By Bill Rice at Brownstone dot org.
Every significant decision comes down to a cost-benefit analysis. For almost 6 years, politicians concluded the risk of questioning the "vaccines" was greater than any benefit from going against Big Pharma and the Deep State. But this risk-benefit calculation could change faster than most might think.
As I write, the Internet is abuzz because President Trump just made one of the most eye-opening posts he's ever sent out to the world on Truth Social, a post that suggests he might have been duped by Big Pharma when he authorized Operation Warp Speed.
This story motivated me to develop a point that's increasingly been in my thoughts and made me wonder if the cost-benefit analysis for our all-important politicians might have now changed significantly.
The question I've recently been asking myself is, why do good people blindly believe what should be viewed as obvious (or at least possible) - Mega Lies?
More specifically, why would so many people believe all the Covid lies and, more importantly, comply with the mandates and dictates of "leaders" who might be speaking with a forked tongue?
The Cost-Benefit Analysis of "We the People"
THE answer is not difficult to discern. People do this because they simply think complying will benefit them.
With Covid, the simplest cost-benefit analysis the masses made was that they (or their children, or grandmothers) could die if they didn't do everything the public health and government experts told them they had to do.
The calculation that resonated in the minds of billions of global citizens: It will benefit me (and our nation) if I stay home from work, wear a mask, socially distance, and then get two (to eight) annual vaccines and boosters.
According to the early Covid narrative, about 3 percent of people who contracted this "novel" virus were going to die. Even as the Infection Fatality Rate (IFR) was later reduced, the new percentage was still said to be 1 percent, meaning 1-in-100 people who contracted this virus might die. Covid, we were all assured, was at least 10 times more deadly than the regular flu.
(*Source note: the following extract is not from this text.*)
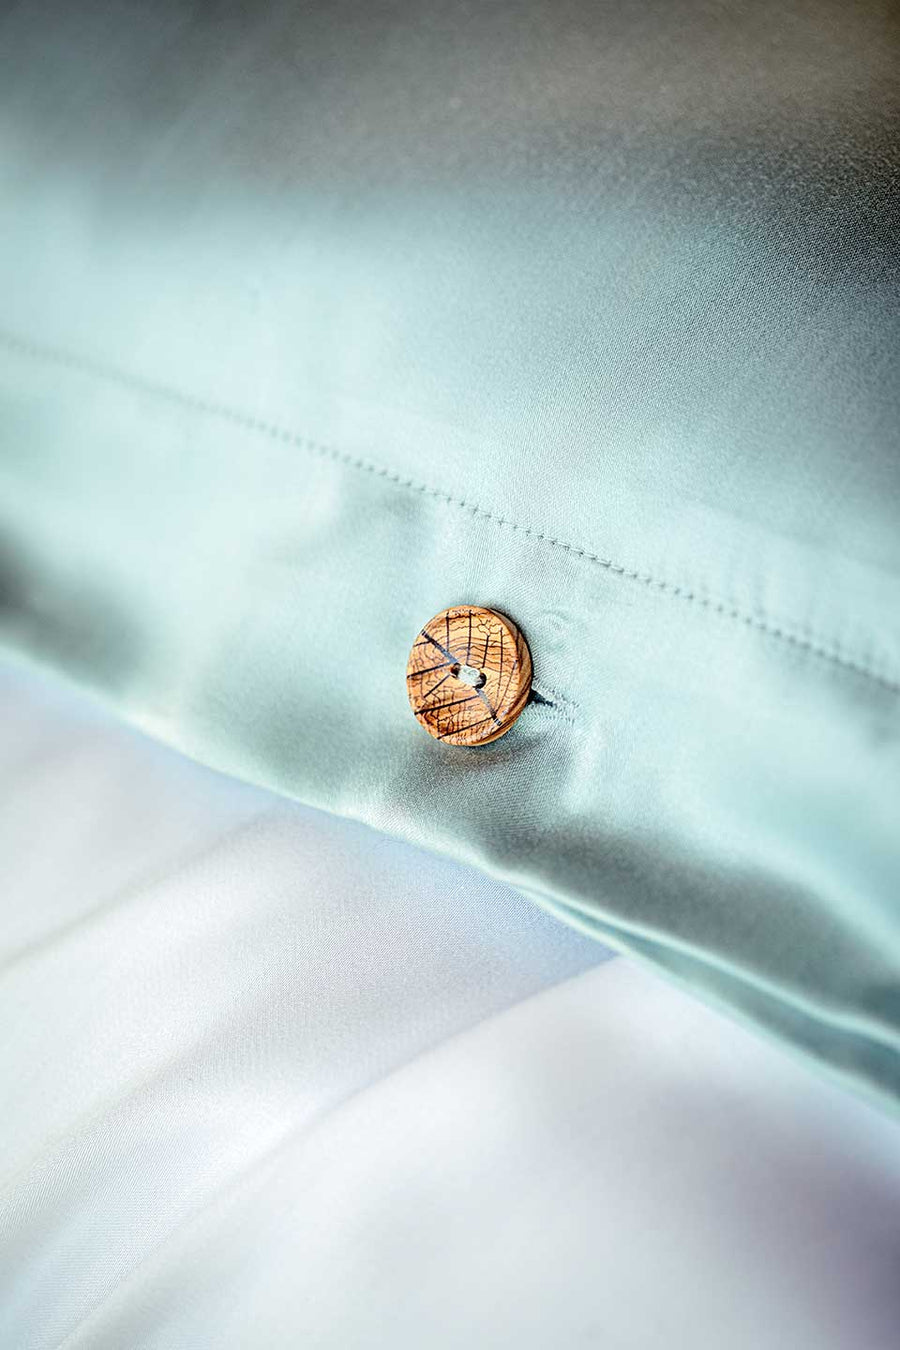 Olive button detail on a green TENCEL™ Lyocell Sateen duvet cover from THON.

These probabilities - which came from the experts (who should know) - were terrifying enough to produce mass compliance.
Thus, the proverbial Man and Woman on the Street said to themselves: I'll benefit, and so will my family and hometown, because if I take these steps, this mortality probability might be reduced to 1-in-100,000 or, once I get my all-important shots, even zero percent.
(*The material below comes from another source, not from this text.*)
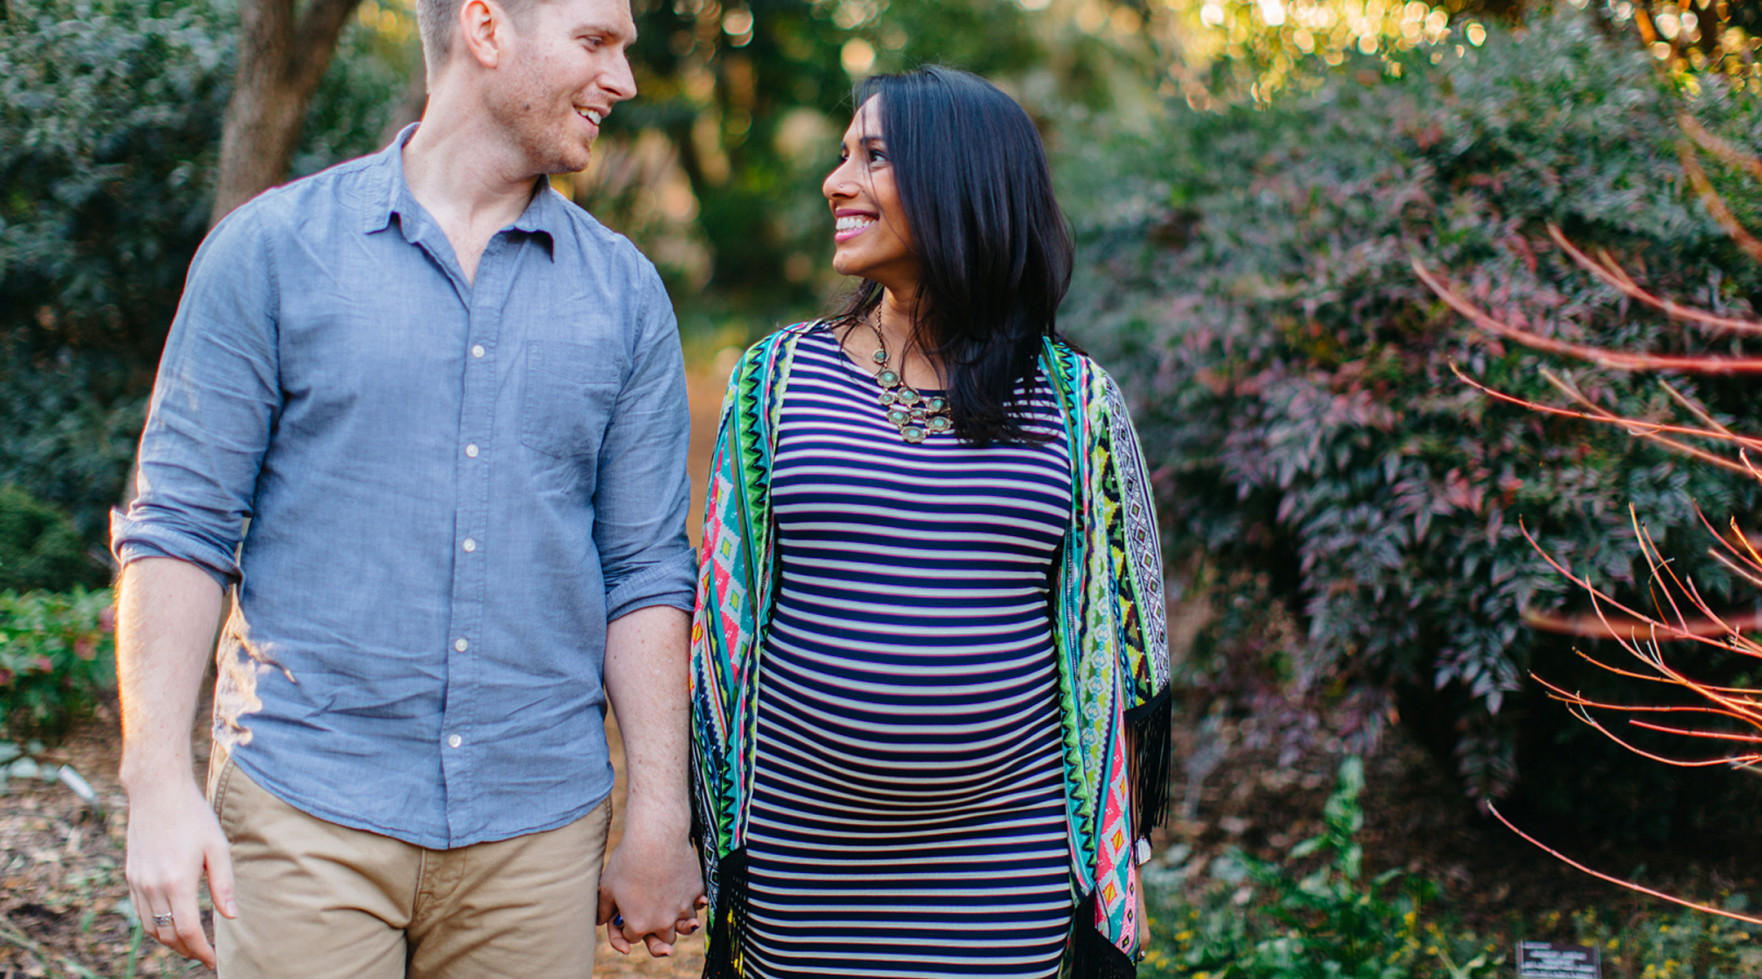 3 Blissfully Easy Steps to a Successful Fall Maternity Session

Significantly, very few people questioned the validity of these horrifying probabilities (as these "life-saving" interventions were issued by the experts and everyone who mattered was saying the exact same thing.)
But What if the Experts' Death Probabilities Were Wrong all Along?
First (and strangely), it's obvious that this possibility never entered the minds of 85 percent of the population.
While America may have been dubbed the "land of the free," the greatest nation in the history of the world was not necessarily a nation where many people felt confident enough (or free enough) to "challenge the experts" or their designated political "leaders."
Which brings me to the overriding point of today's dispatch.
Long ago, the masses reached the conclusion that, true or not, they would personally benefit if they went along with the majority or consensus view on any topic - especially a subject dealing with "life and death."
That is, even if all the experts were dead wrong, everyday citizens would derive a variety of benefits if they simply went along with their august leaders, even if they were spectacularly wrong.
Or, perhaps more specifically, most people concluded, I'll experience far fewer negative consequences if I simply go along with the herd.
Beginning in March 2020, the overwhelming percentage of global citizens made just one "risk-benefit" calculation. Whether they realize it or not, the question almost all citizens asked themselves was: what course of action is ...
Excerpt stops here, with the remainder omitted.